UEFA general secretary Infantino is one of five hopefuls seeking to replace Sepp Blatter as the head of world football’s governing body at an extraordinary congress on February 26.
And former Porto, Chelsea, Inter and Real Madrid coach Mourinho appeared alongside Infantino at Wembley Stadium on Monday to endorse his campaign.
“I’ve known him for a long time,” the Portuguese said.
“I know that he’s very capable, very experienced, [has] complete knowledge of everything around football and this organisation. I think he’s the one. I support him with a real feeling that I’m supporting someone that can do very well.”
Infantino, meanwhile, again made the case for Fifa to follow Uefa’s example and look to share the financial burden of hosting a major tournament, the regional governing body having staged joint European Championships in Austria and Switzerland in 2008 and Poland and Ukraine four years later.
“What I’m … proposing is to at least study the possibility of organising the World Cup in several countries,” he said.
“We’re making the Euros in 2020 in 13 different countries in Europe. I think we don’t have to exclude the vast majority of countries in the world from the dream of being able to organise at least part of a World Cup together with other countries. We can organise a Euros in 13 countries and organise a World Cup in four, five, six countries.
“We have to be a little bit more responsible on how we are dealing with these questions in the future. It’s not anymore responsible to ask and to pretend from one single country – I can accept if it’s a huge country – to build all these facilities, all these stadiums, the airport[s], which in the end become white elephants and nobody is using them.”
Fifa has been rocked by the corruption scandal that has seen numerous high-ranking current and former officials arrested since May.
Blatter, the subject of investigations by Swiss authorities and the FBI in the United States, was last month banned from all football-related activities for eight years by the adjudicatory chamber of Ffa’s ethics committee over an alleged disloyal payment made to Uefa president Michel Platini, who has also been suspended.

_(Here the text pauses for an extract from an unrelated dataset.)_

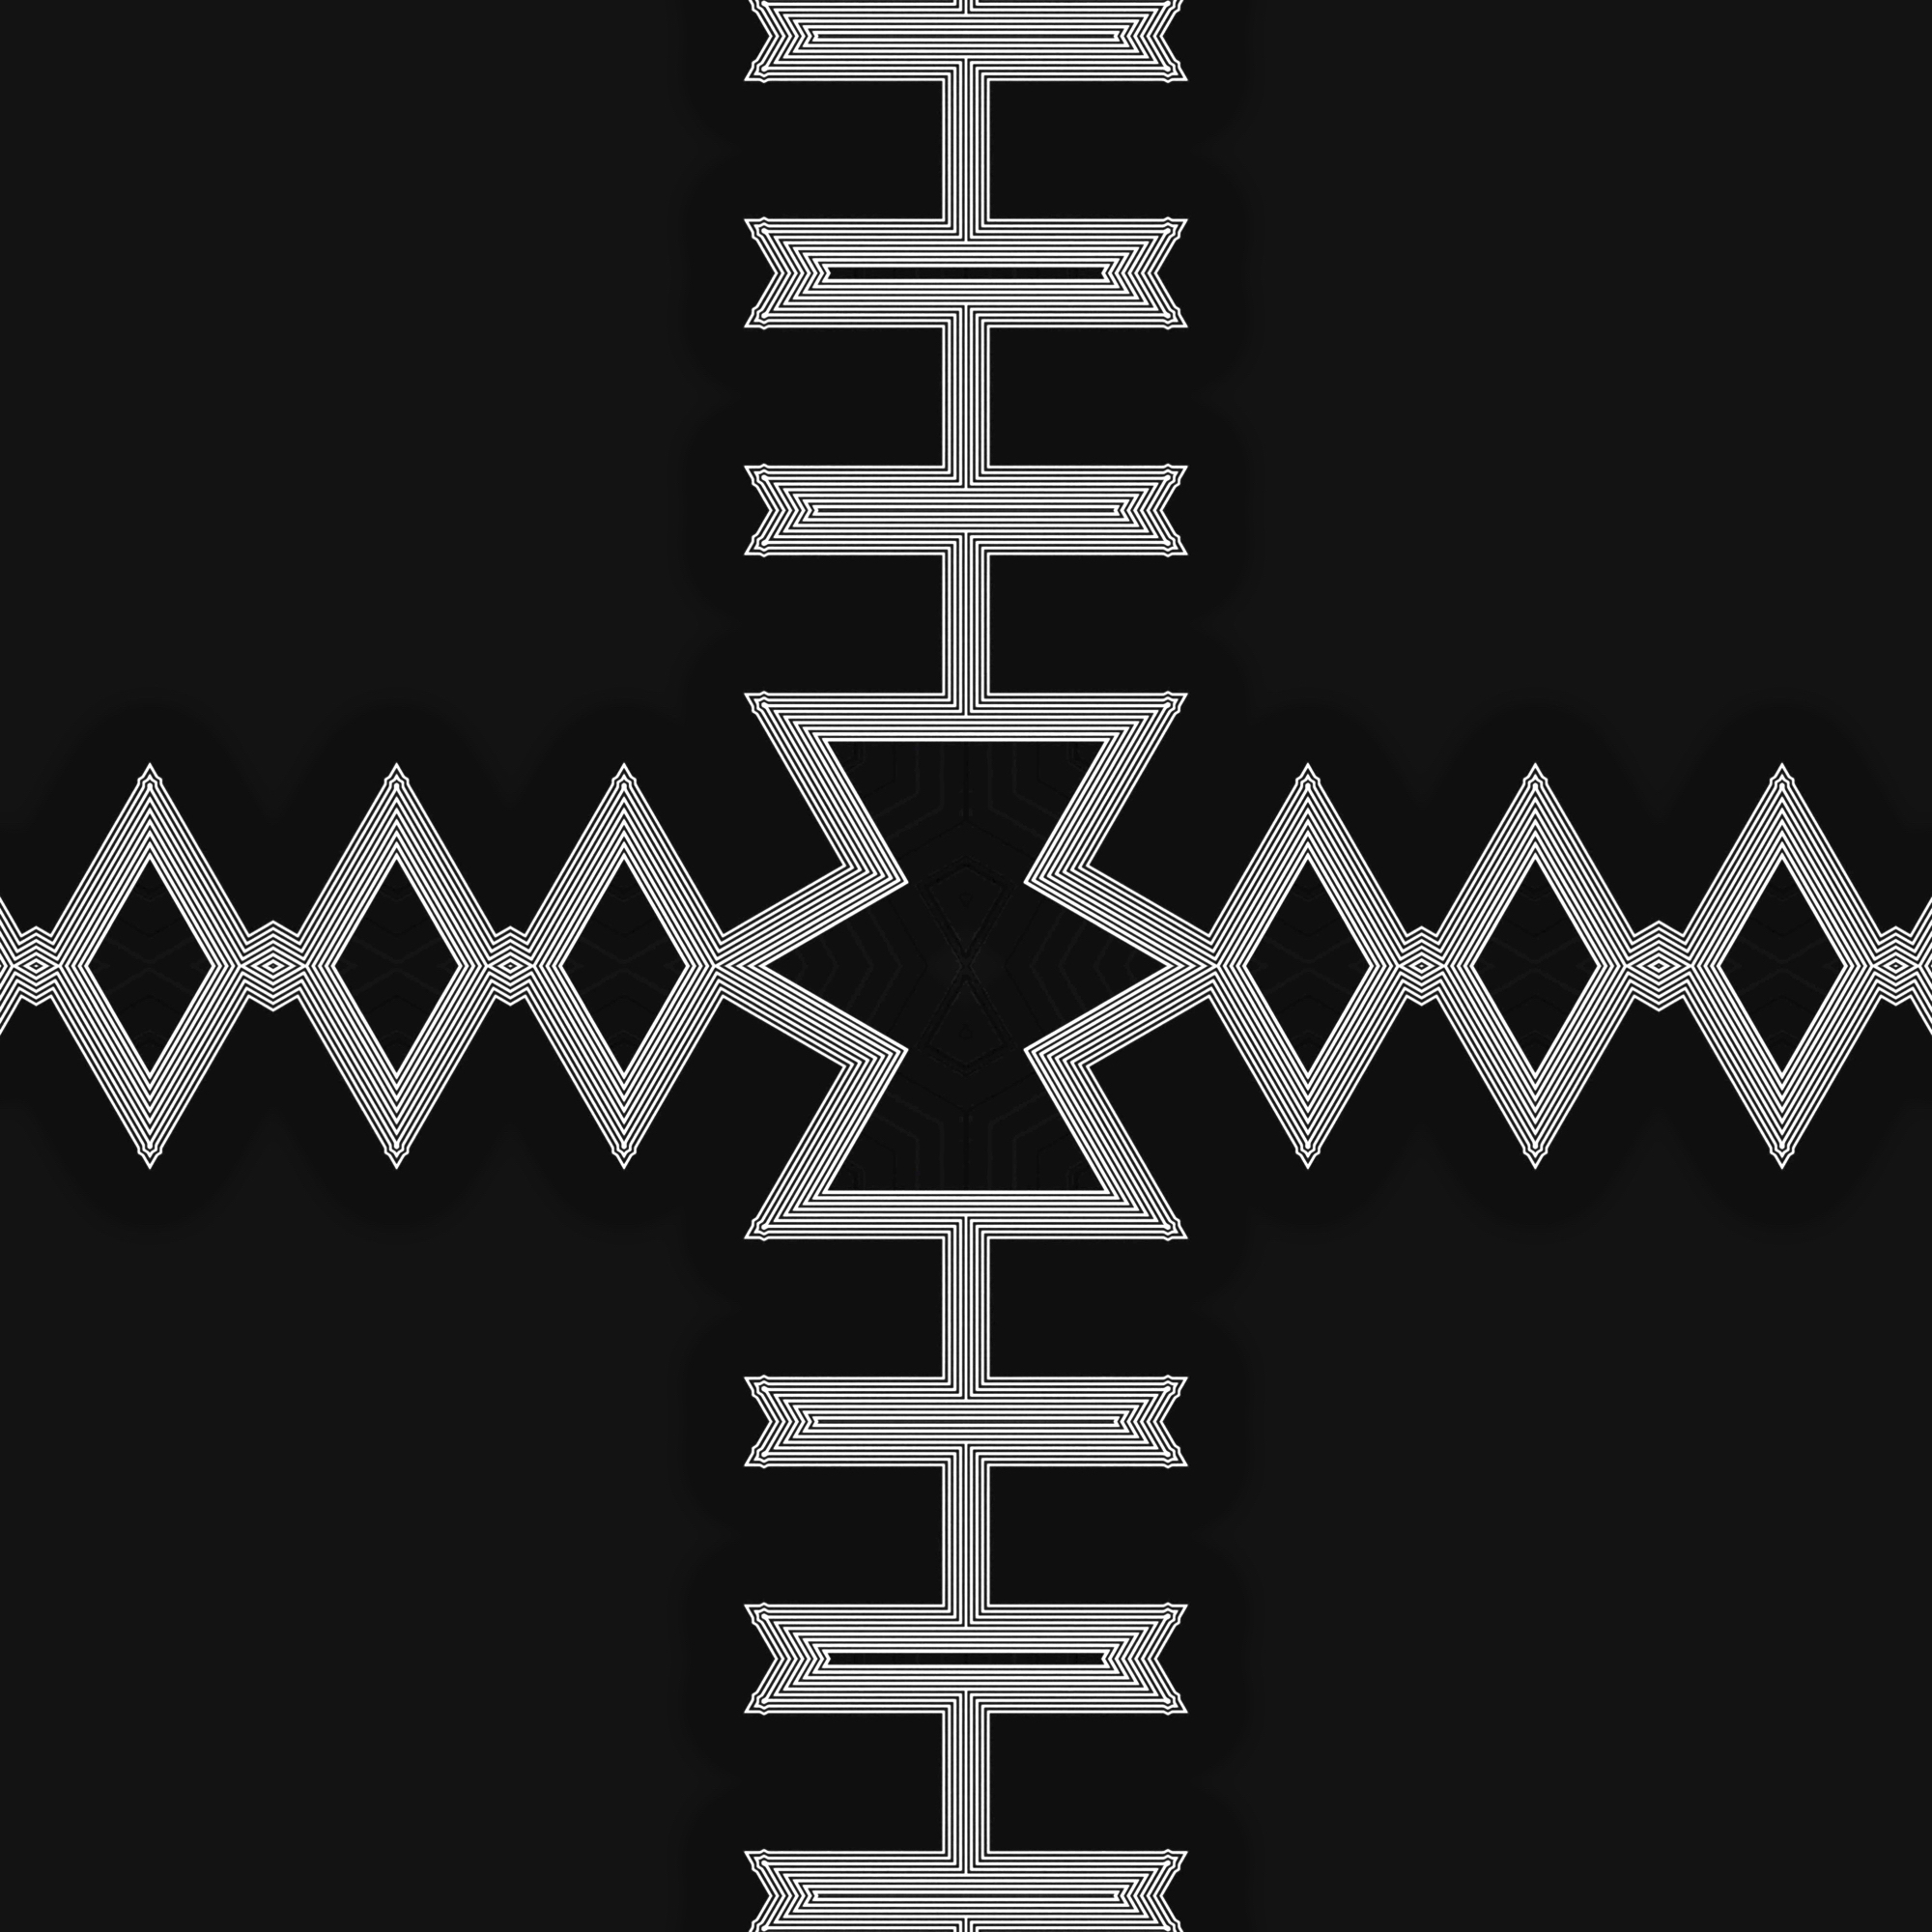 Geometrics 09

Infantino, Platini’s right-hand man at the European governing body, called for the positive contribution of Blatter to be remembered, but acknowledged that the disgraced 79-year-old should have stepped down from his role earlier.
“I respect very much all the work he [Blatter] did in terms of football development in particular around the world and this comes through when you travel in the world as well,” Infantino added.
“I think [we] need to recognise that FIFA in the last 40 years has undergone great development.
“I think Mr Blatter said it himself, he probably should have stepped back a little bit earlier. He missed the right point.”